- Other names: Opera metal; operatic metal;
- Stylistic origins: Heavy metal; classical; neoclassical metal; power metal; extreme metal; gothic metal;
- Cultural origins: Early 1990s

Fusion genres
- Symphonic black metal; symphonic death metal; symphonic gothic metal; symphonic power metal;

Other topics
- List of symphonic metal bands

= Symphonic metal =

Music genre that blends heavy metal with classical music

Symphonic metal is a subgenre of heavy metal music that makes use of symphonic or orchestra elements. The style can feature different elements of orchestral or classical music, such as symphonic instruments, choirs and sometimes a full orchestra, keyboard orchestration emulating a full orchestra, or compositional influences from classical and orchestral music.

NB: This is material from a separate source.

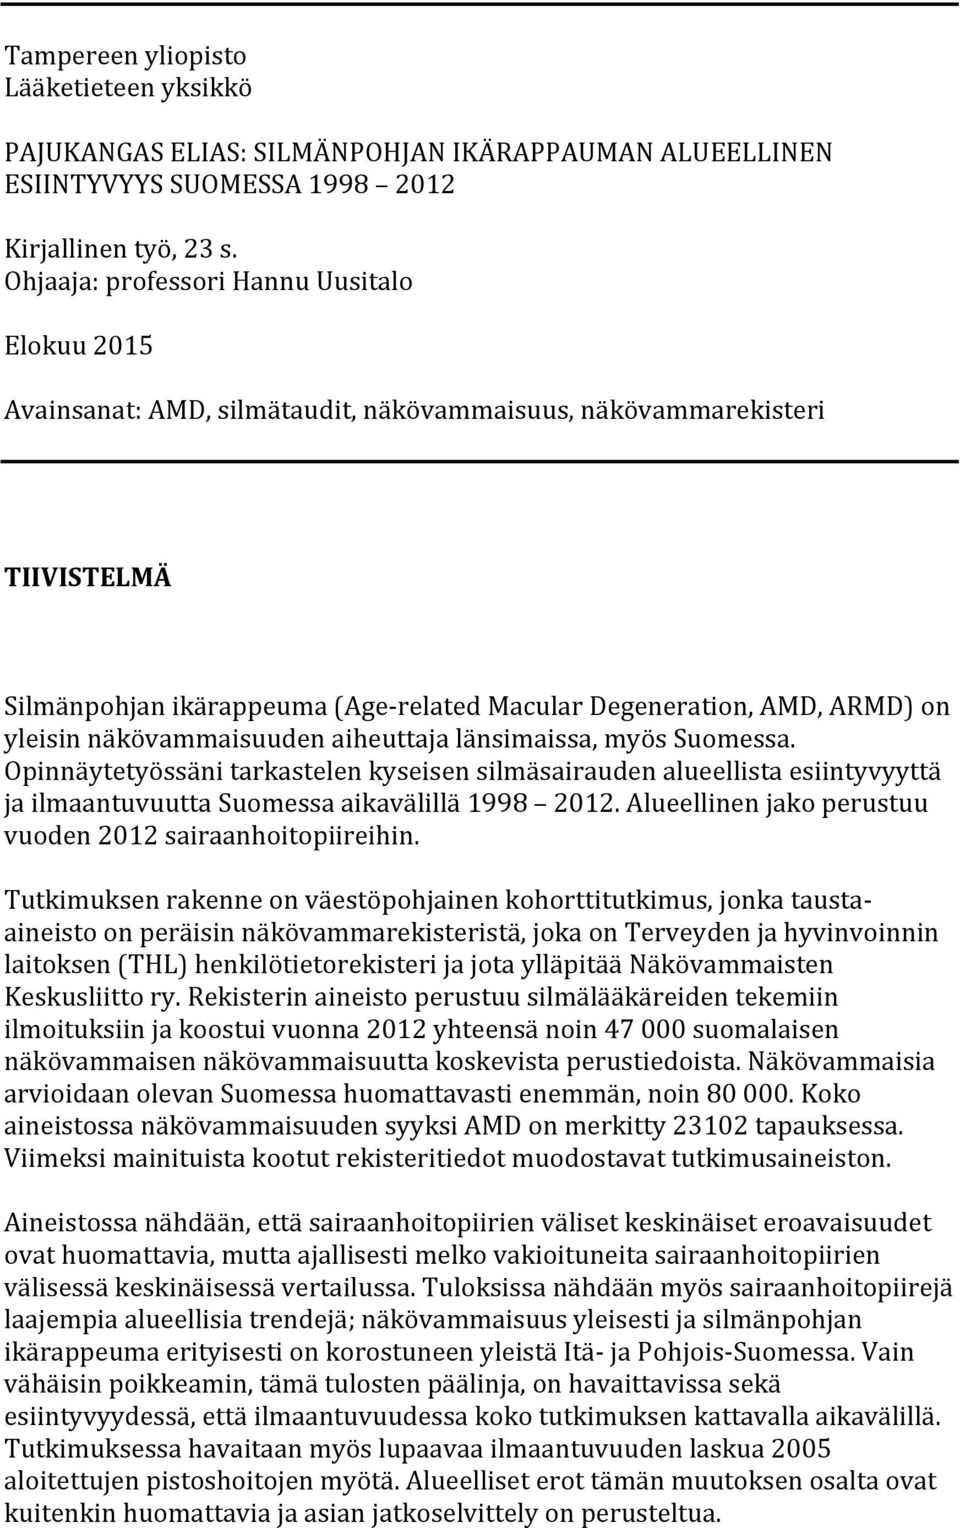 yleisinnäkövammaisuudenaiheuttajalänsimaissamyössuomessa. Opinnäytetyössänitarkastelenkyseisensilmäsairaudenalueellistaesiintyvyyttä jailmaantuvuuttasuomessaaikavälillä1998 2012.
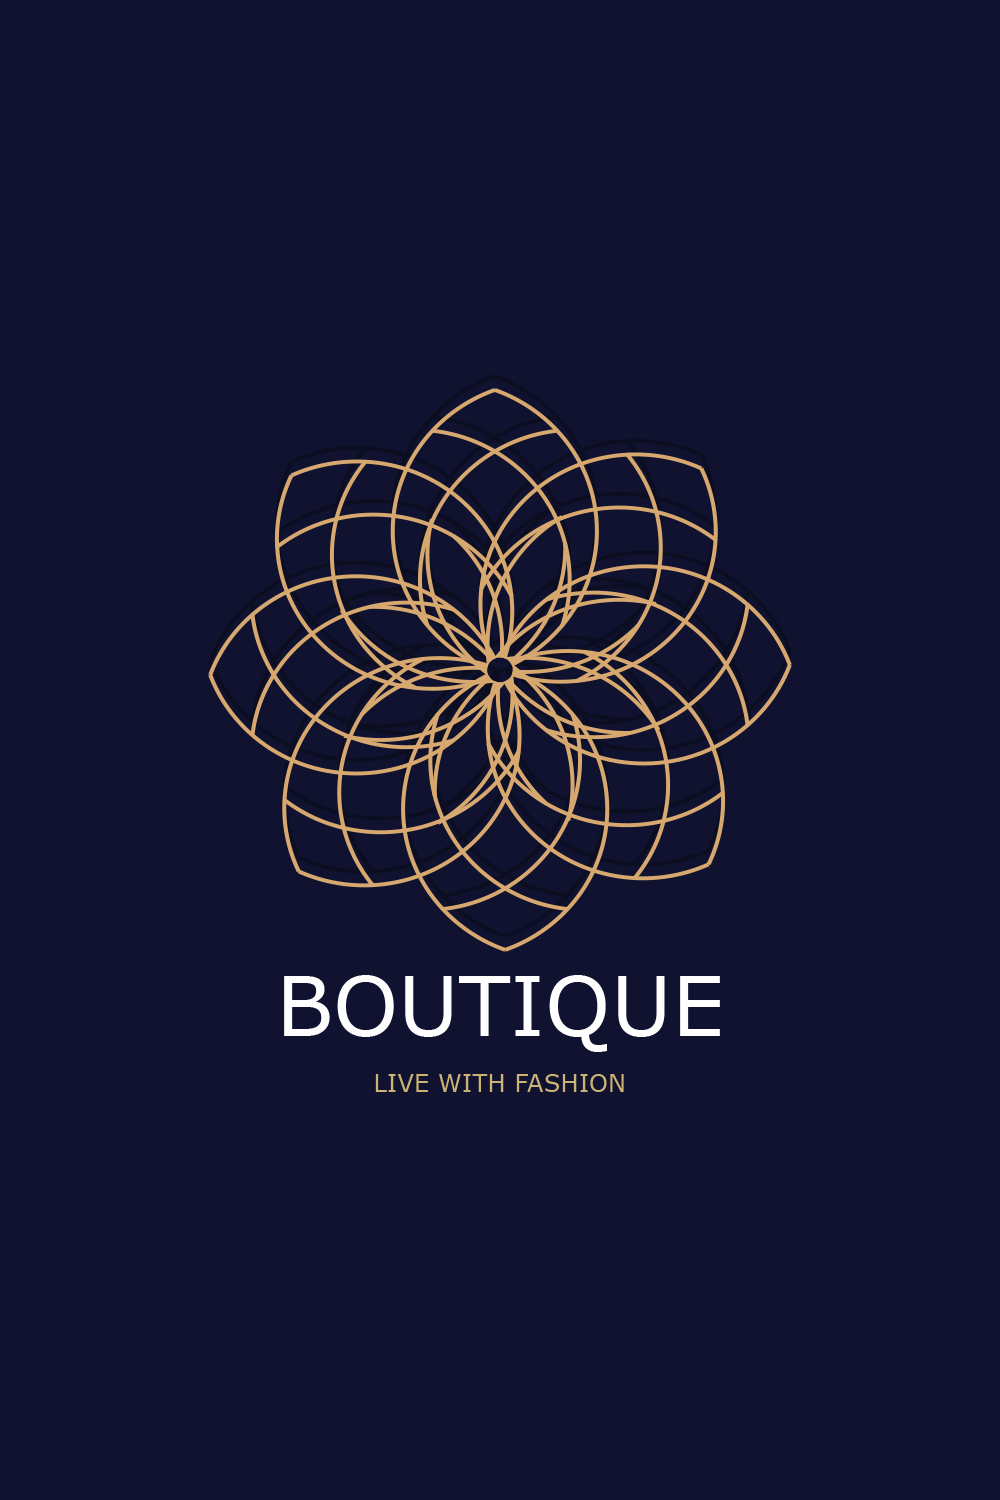 Unique and Creative Boutique Line Art Logo Design Pinterest image.

The roots of symphonic metal date to the 1960s and '70s with early metal bands such as Deep Purple recording with a full orchestra and Black Sabbath using an orchestral string section. The genre saw more development in the 1980s and '90s as bands emphasized their symphonic side by adding more ambitious classical features, developing their neoclassical guitar playing in a baroque direction, adding large multi-voice choirs, and writing lengthy songs influenced by orchestral structures. Some symphonic metal bands also started to feature classically trained vocalists, in which case they were attributed nicknames such as opera metal or operatic metal.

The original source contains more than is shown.